I recently had to fight Gemini to accept that a library (a Google developed AI library for JS, somewhat ironically) had just released a major version update with a lot of API changes that invalidated 99% of the docs and example code online. And boy was there a lot of old code floating around thanks to the vast amounts of SEO blog spam for anything AI adjacent.
The reasoning here is off. It is like saying new game development is nearly over as some people keep playing old games.
My feeling: we've yet barely scrarched the surface on the milage we can get out of even today's frontier models, but we are just at the beginning of a huge runway for improved models and architectures. Watch this space.
FCFF = EBIT(1-t)-Reinvestment. The operating expenses of the model business are much higher - so lower EBIT.
The larger the reinvestment the larger the hole. And the longer it continues (without clear steep barriers to entry to exclude competitors in the long run) it becomes harder to justify a high valuation.
I really dislike comparisons like this - it glosses over a lot of details.
I don't have difficulty getting to a 20% productivity gain with AI just from automating the tasks I procrastinate on or can't focus on. Likewise the ability to code a prototype overnight/over the weekend is a reasonable extension of practical working hours.
The challenge I do see is that fully AI generated code bases devolve into slop pretty fast. The productivity cutoffs are much lower compared to human engineers.

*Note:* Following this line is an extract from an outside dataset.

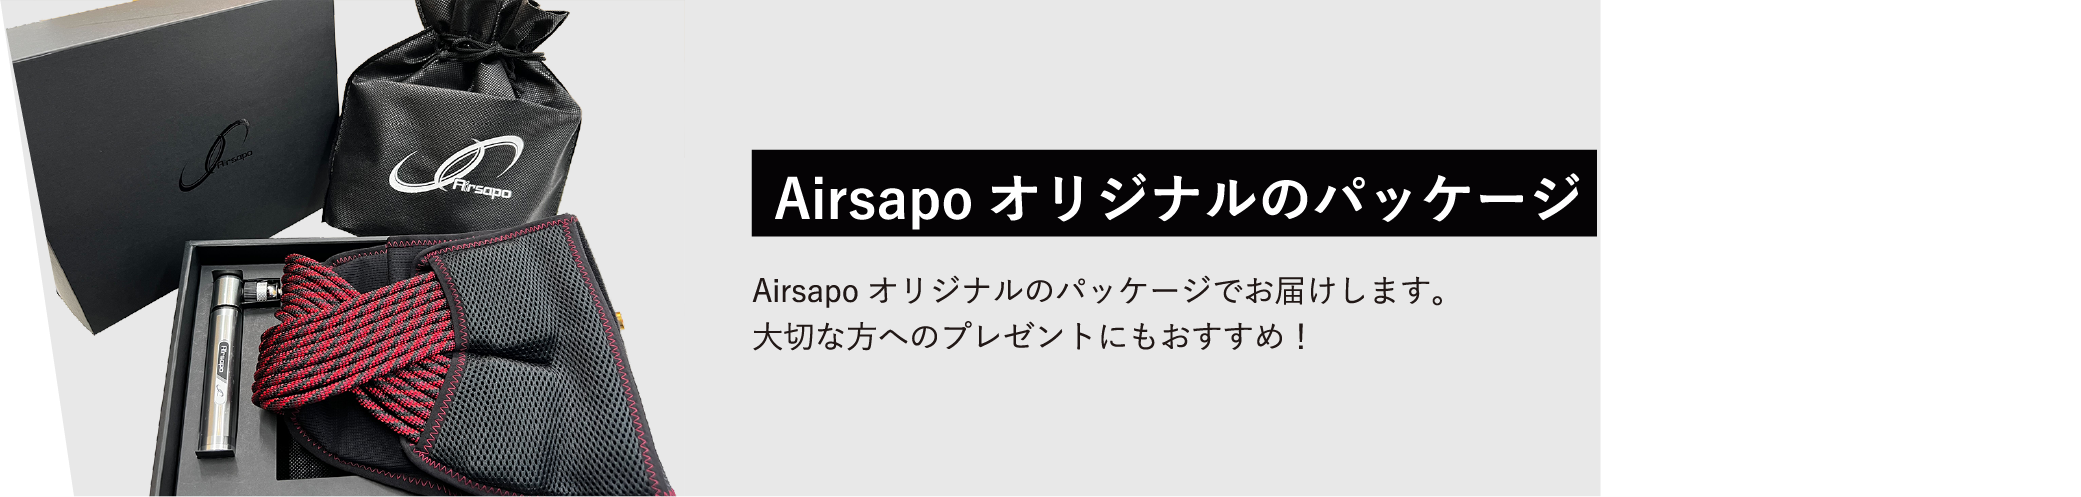 Airsapoオリジナルのパッケージ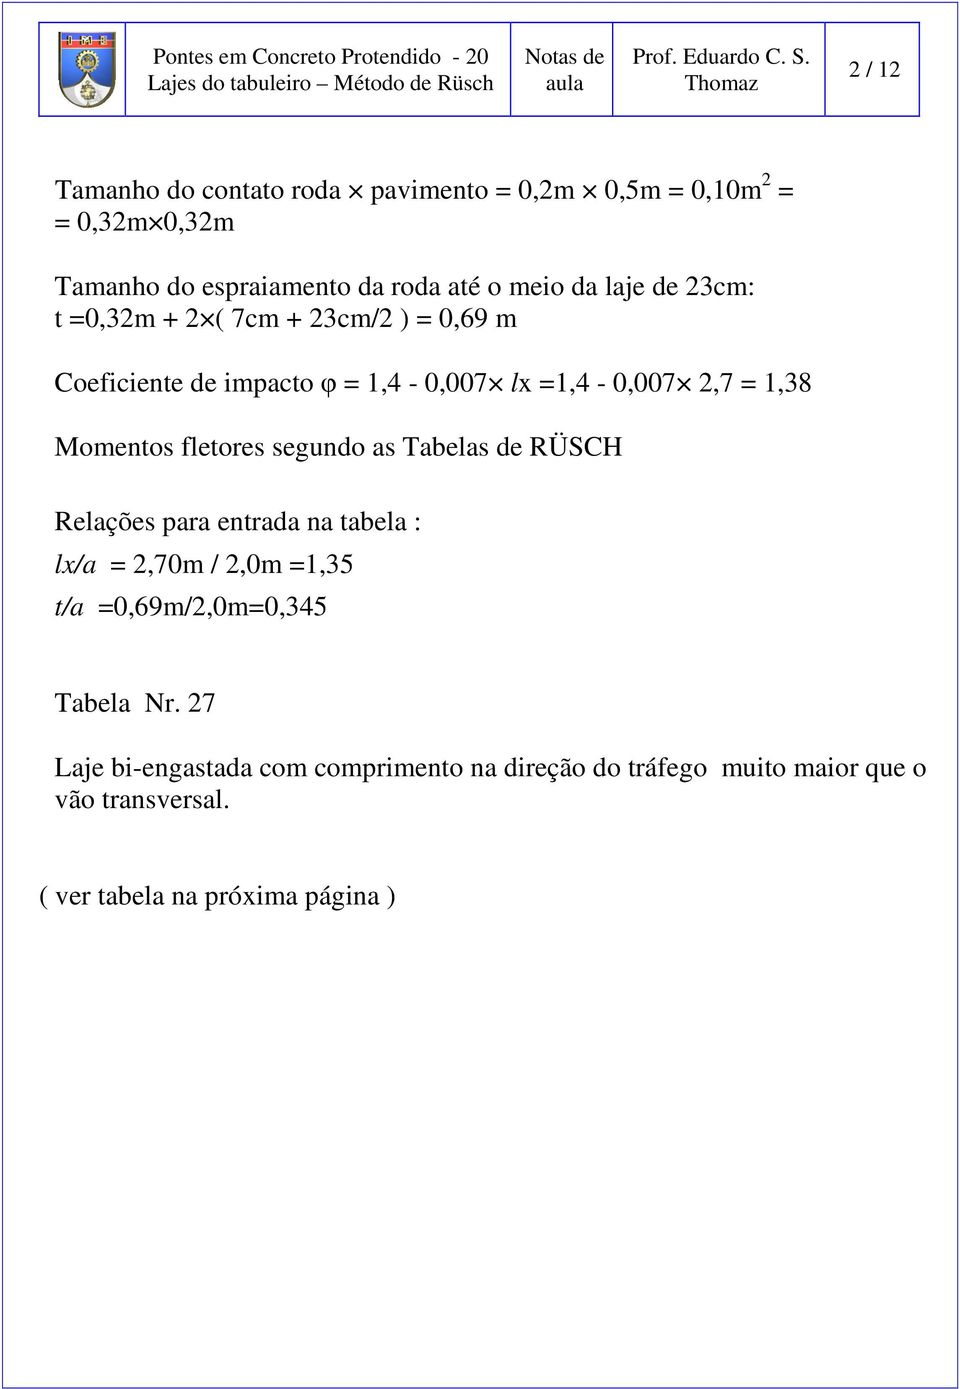 segundo as Tabelas de RÜSCH Relações para entrada na tabela : lx/a 2,70 / 2,0 1,35 t/a 0,69/2,00,345 Tabela Nr.

I think you overestimate the amount of code turnover in 6-12 months...
I think we're a lot more likely to get to the limit of power and compute available for training a bigger model before we get to the point where improvement stops.
In the 90's and early 2000s, but people laughed at businesses like Amazon & Google for years. These types of people highly focused on the free cash flow of a business in it's early years are just dumb. Sometimes a business takes a lot of investment in the early stages - whether it's capex for data centers or S&M for enterprise software businesses, or R&D for pharma businesses or whatever.
As for "clear steep barriers" - again, just clueless stuff. There weren't clear steep barriers to search when Google started, there were dozens of search engines. Google created them. Creating barriers to entry is expensive and the "FCFF people" imagine they arrive out of thin air. It takes a lot of time and or money to create them.
It's unclear if "the model business" is going to be high or low margin. It's unclear how high the barriers to entry for making models will be in practice. It's unclear what the reinvestment required will be. We are a few years into it. About the only thing that is clear is this: if you try to run a positive free cashflow business in this space over the next few years, you'll be crushed. If you want a shot at a large, high return on capital business come 2035, you better be willing to spend up now.